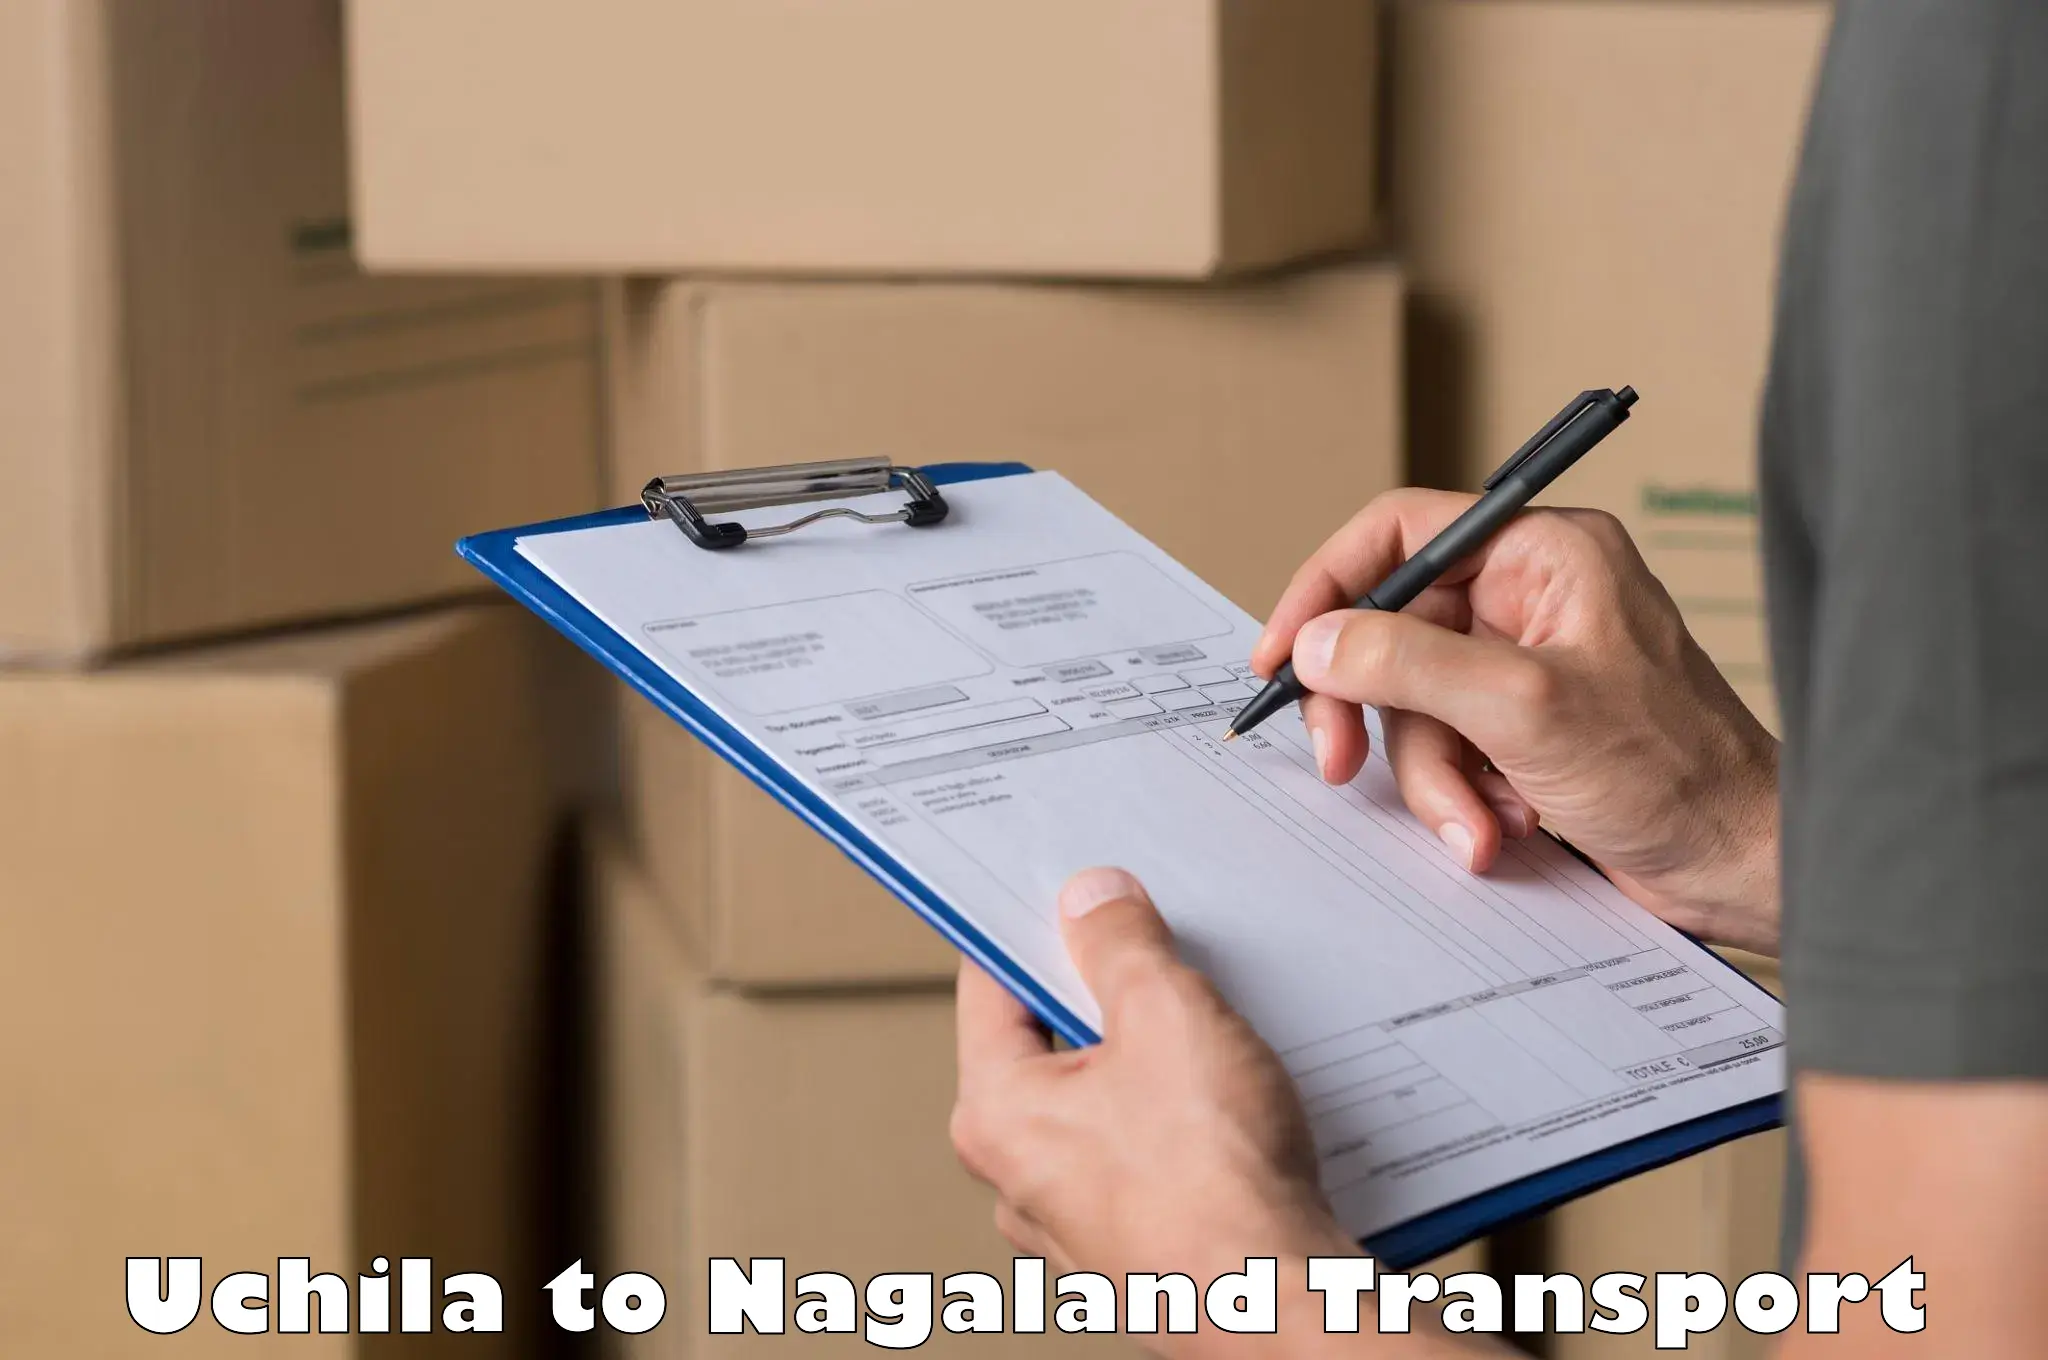 Vehicle transport services Uchila to Nagaland
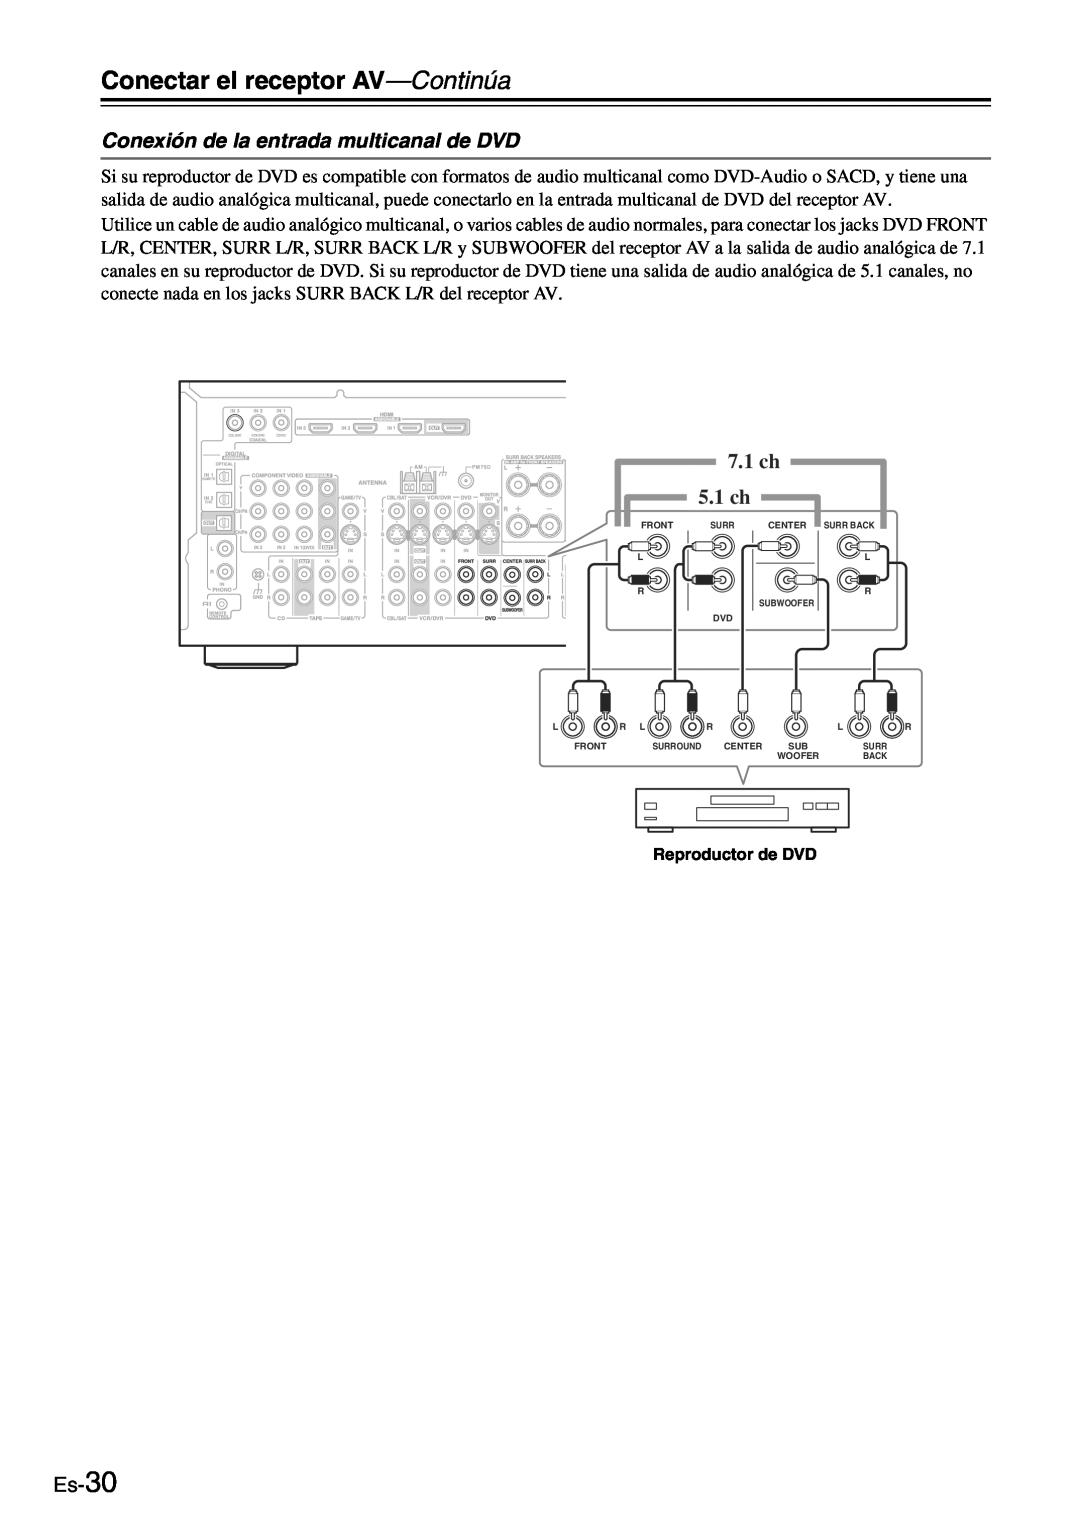 Onkyo TX-SR705 manual Conexión de la entrada multicanal de DVD, Es-30, Conectar el receptor AV-Continúa, 7.1 ch, 5.1 ch 
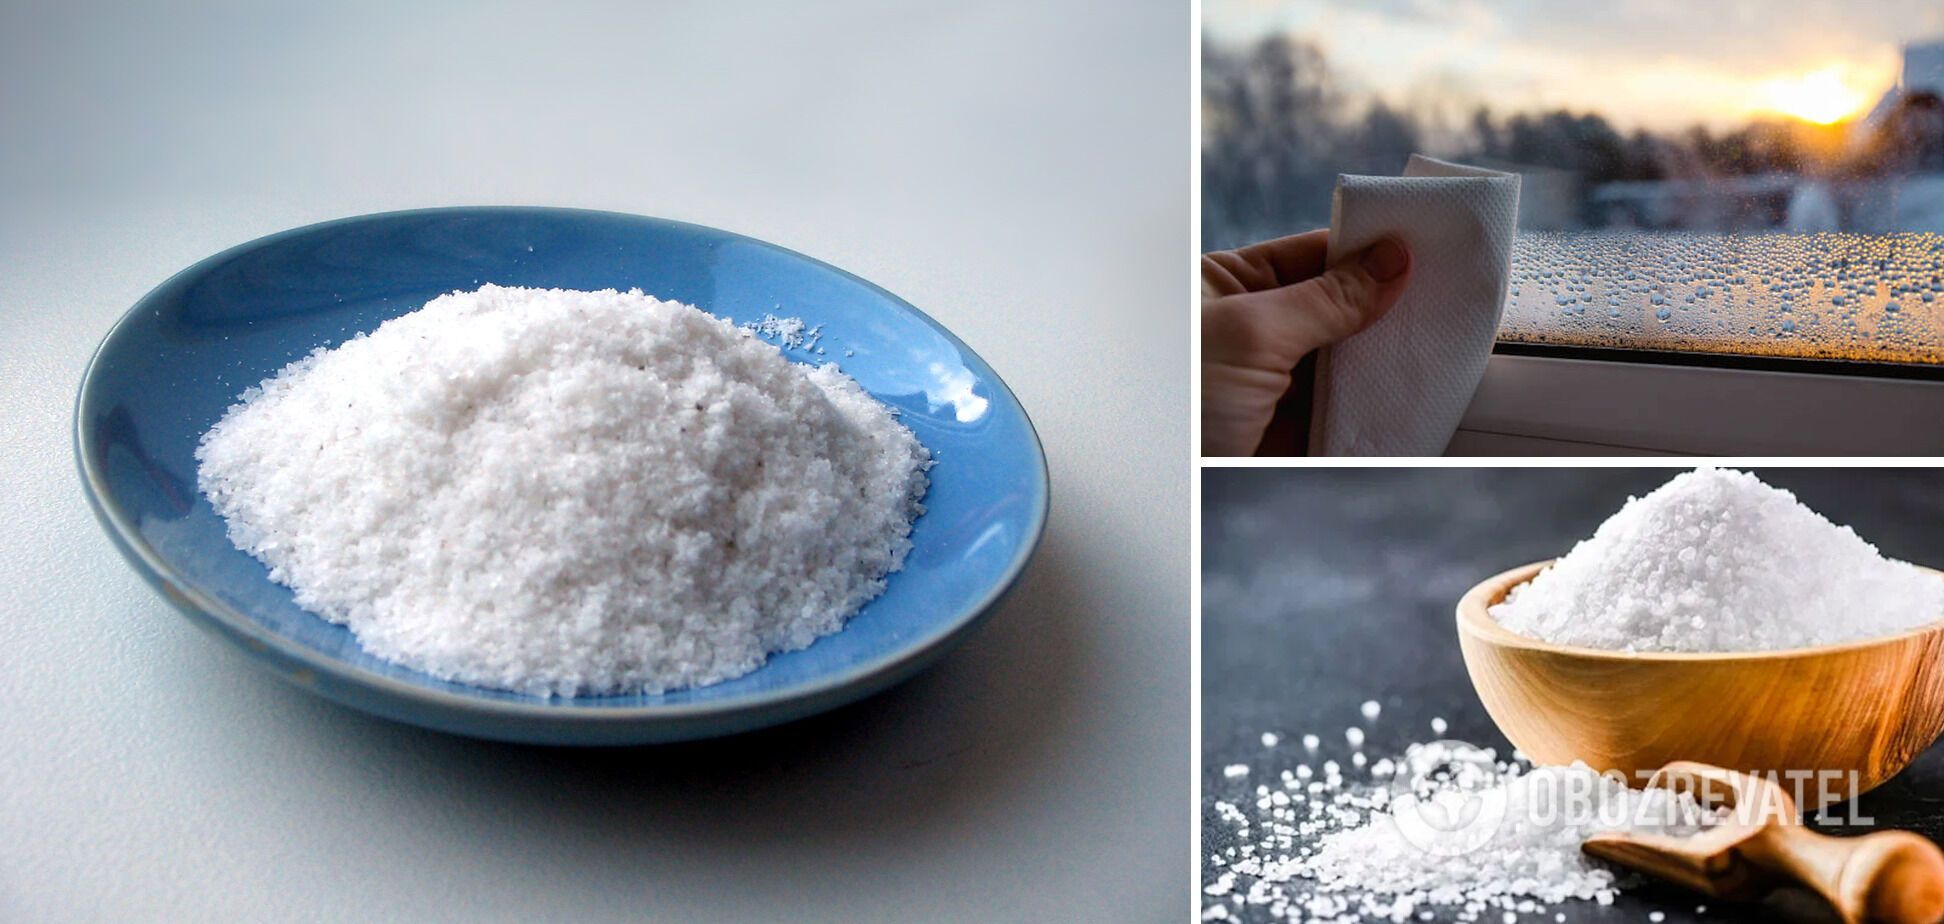 Зачем хозяйки ставят соль на подоконник: суеверия ни к чему
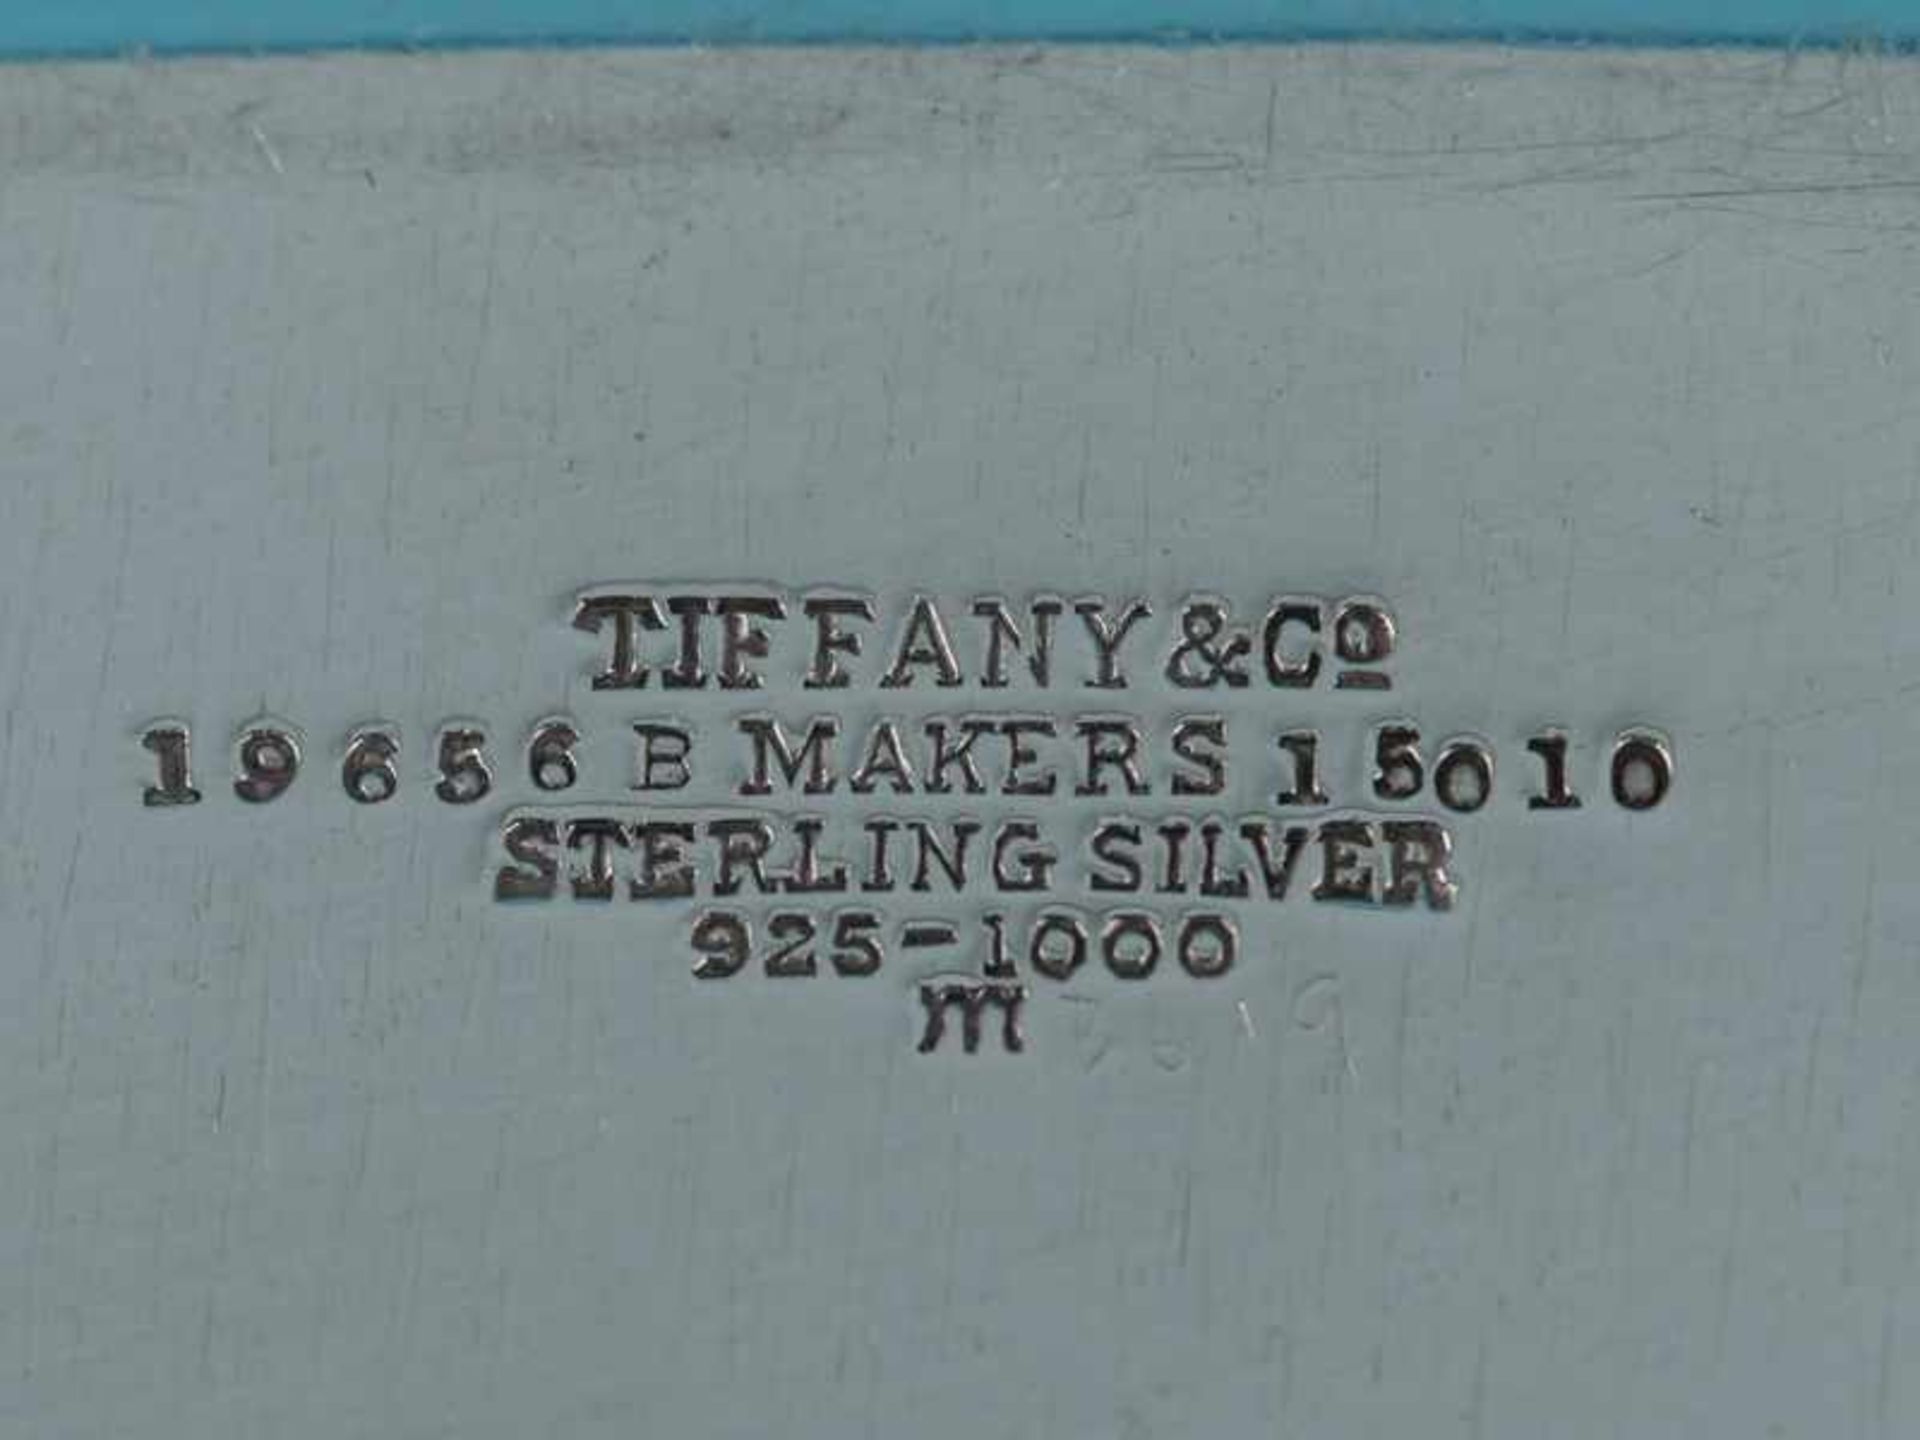 8-tlg. Rauch-Set für 6 Personen, Tiffany, New York (USA), 1916 - 1920. 925/-Silber, Gesamtgewicht - Image 8 of 16

*Work instructions:* Reproduce, exactly and without pictures, the lines above from the one containing "Onkyo TX-SR705 manual" through the last line of the material, both ends included, and nothing more.

*Exercise response:*
 Onkyo TX-SR705 manual Conexión de la entrada multicanal de DVD, Es-30, Conectar el receptor AV-Continúa, 7.1 ch, 5.1 ch 
 Зачем хозяйки ставят соль на подоконник: суеверия ни к чему
 8-tlg. Rauch-Set für 6 Personen, Tiffany, New York (USA), 1916 - 1920. 925/-Silber, Gesamtgewicht - Image 8 of 16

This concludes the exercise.